But some kind friends have reached out and asked for an update, so here it is!

Michal and I quit our jobs and sold our house in Klamath Falls in August. I am now living in my parents' basement in The Dalles while Michal bicycles across the Pacific Northwest

In a few weeks, we will hop on a plane and fly to Poland, where we hope to live for the next two years... or maybe more?!?

What's In A Name?

As I contemplate our move to Europe, one of the issues on my mind is language, and more specifically, names.
When I got married, I took my husband’s last name. I didn’t want to at first. I didn’t like the symbolism of becoming my husband’s property and therefore surrendering my own name and identity.

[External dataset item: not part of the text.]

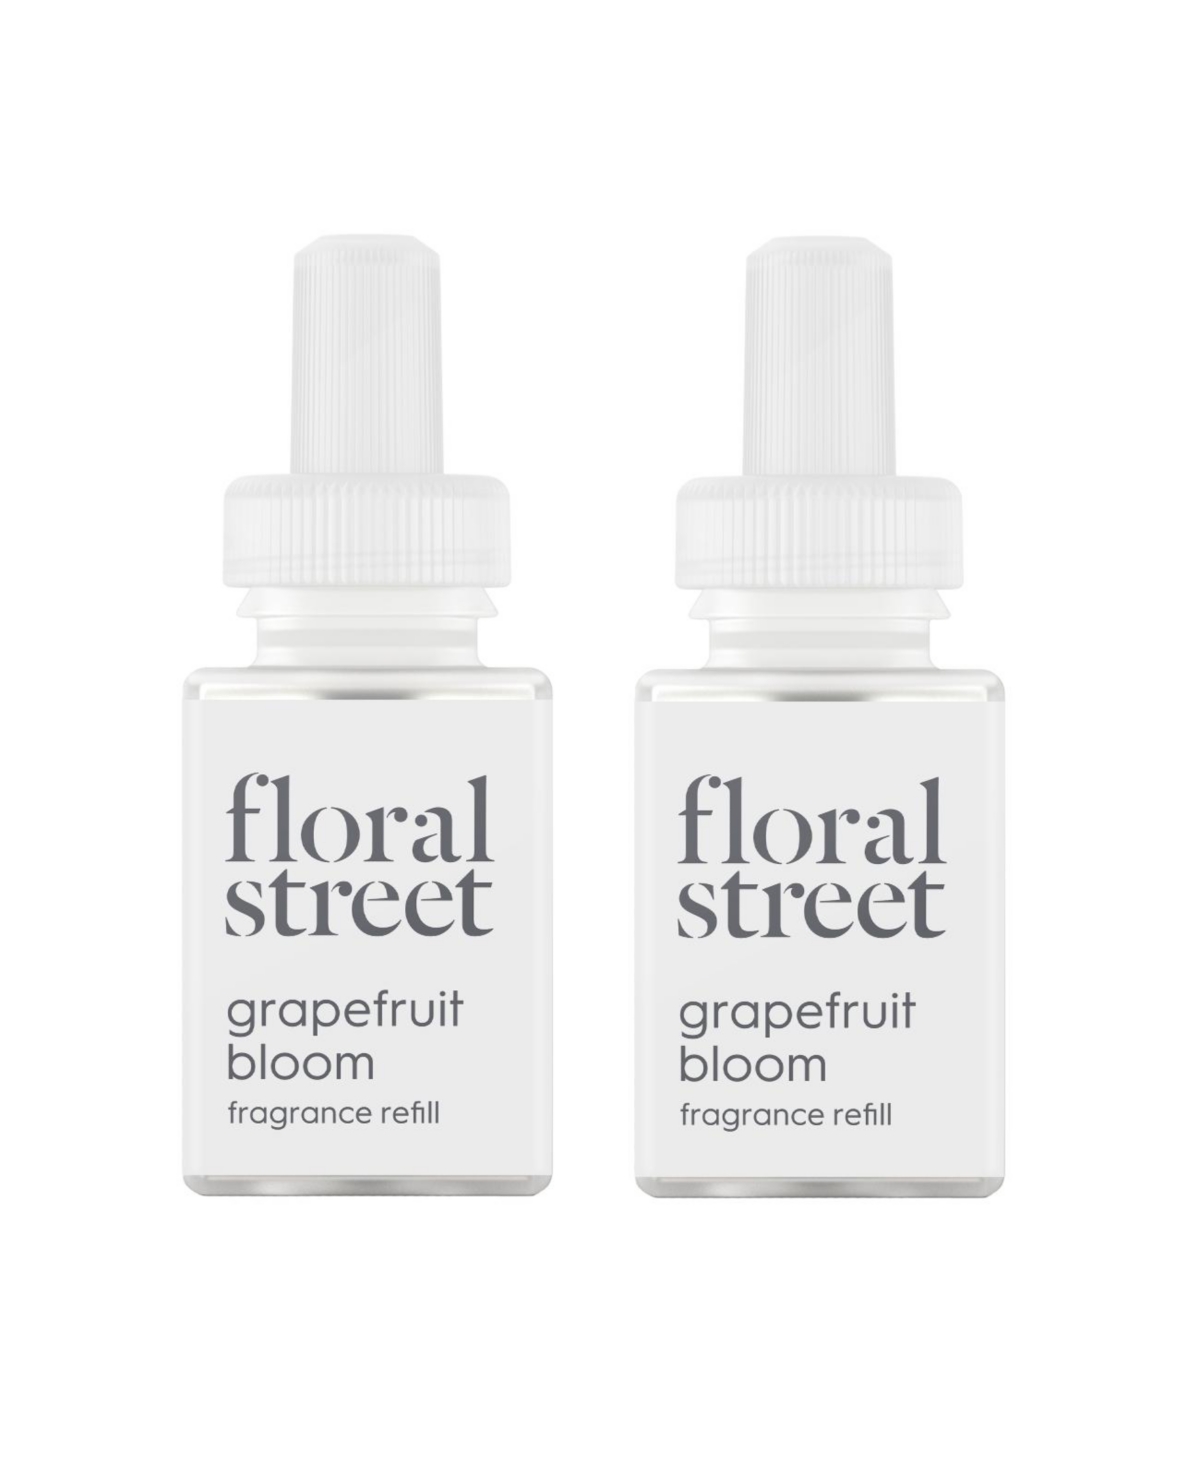 and Floral Street - Grapefruit Bloom - Fragrance for Smart Home Air Diffusers - Room Freshener - Aromatherapy Scents for Bedrooms & Living Rooms
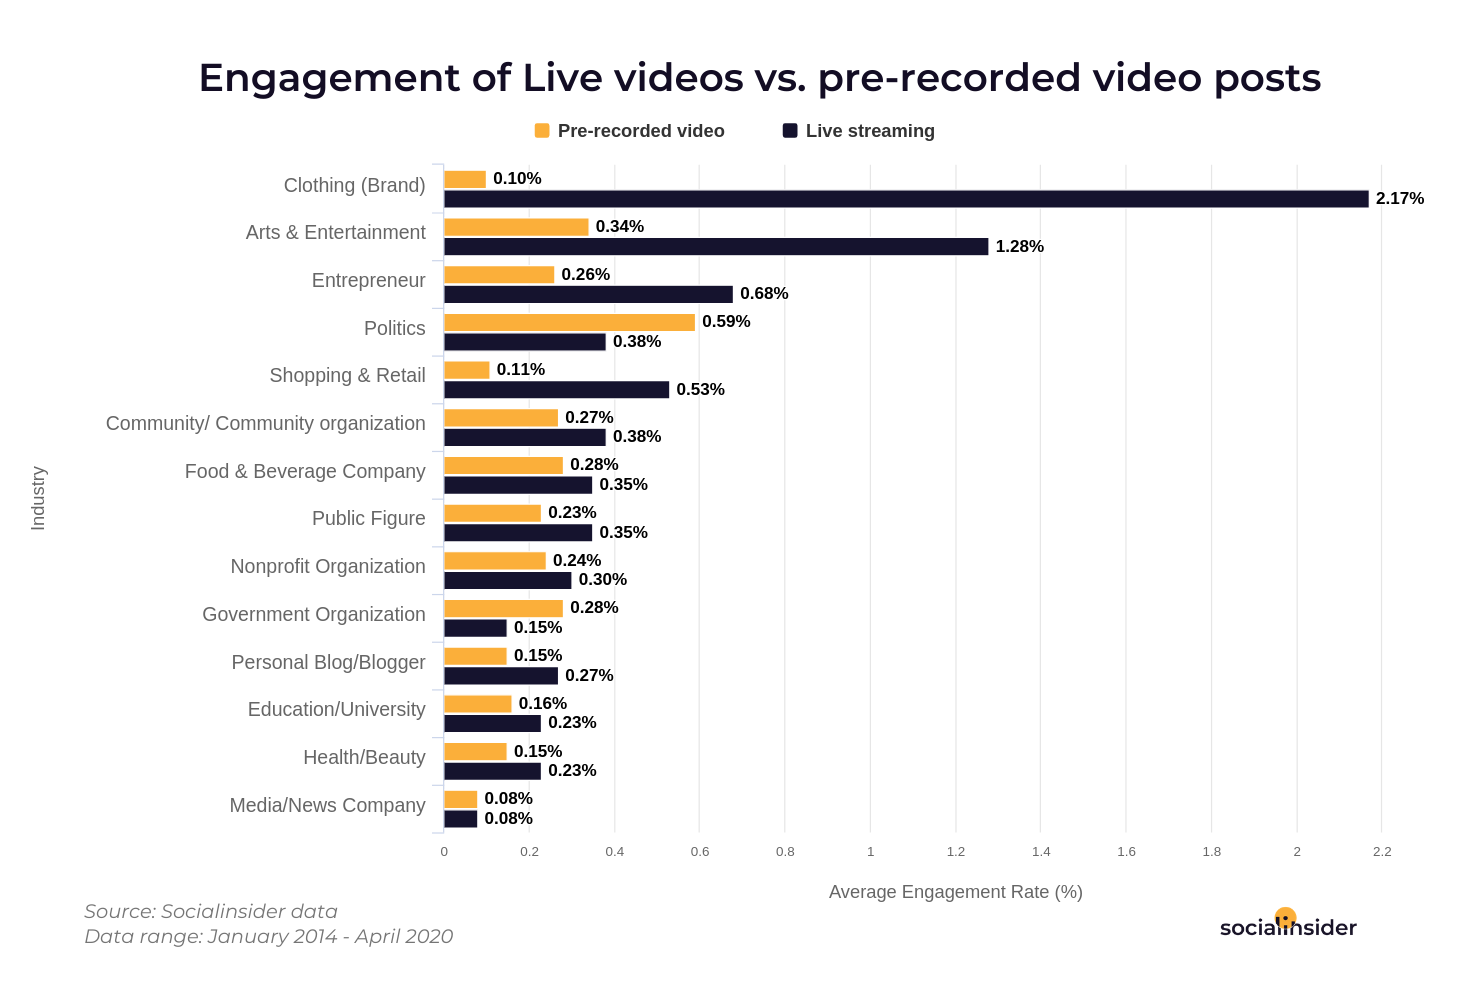 How live stream perform versus pre-recorded video posts.

These ideas were hard for me to articulate in those early days of our courtship, and I really wanted to marry him, so I did what he wanted. His father had died and he was the only son in the family, and he felt a huge responsibility to his surname.
Also, I liked the sound of his name - it was Slavic sounding and it went well with the sound of my first name.

However, to any English-speaker who grew up learning Spanish as a second language, the name Kawka looks like it should sound like the Spanish word for poop: caca.

When we get to Poland, I will no longer have to explain my last name to anyone. I can't tell you how many times I've been on the phone with customer support and I've spelled my name for them, and there's just this awkward silence. "Oh, that's unusual."  They can't say that it reminds them of the Spanish word for poop because their job is to be polite on the phone. Yeah. But I know what they're thinking.

In Poland, everyone knows what a kawka is. Kawka is the common name for a family of small blackbirds in the corvidae family. We might call them crows or jackdaws in English. Hence the title of my blog here: As The Crows Fly. We are the flying blackbird family!

Soon the flying Kawkas will be in Poland, the land where a "w" is pronounced like a "v" or "f" in English.

Franz Kafka, the famous writer, bears the same name as me, only he was born in Bohemia, aka Czech Republic, so he spells it with an F.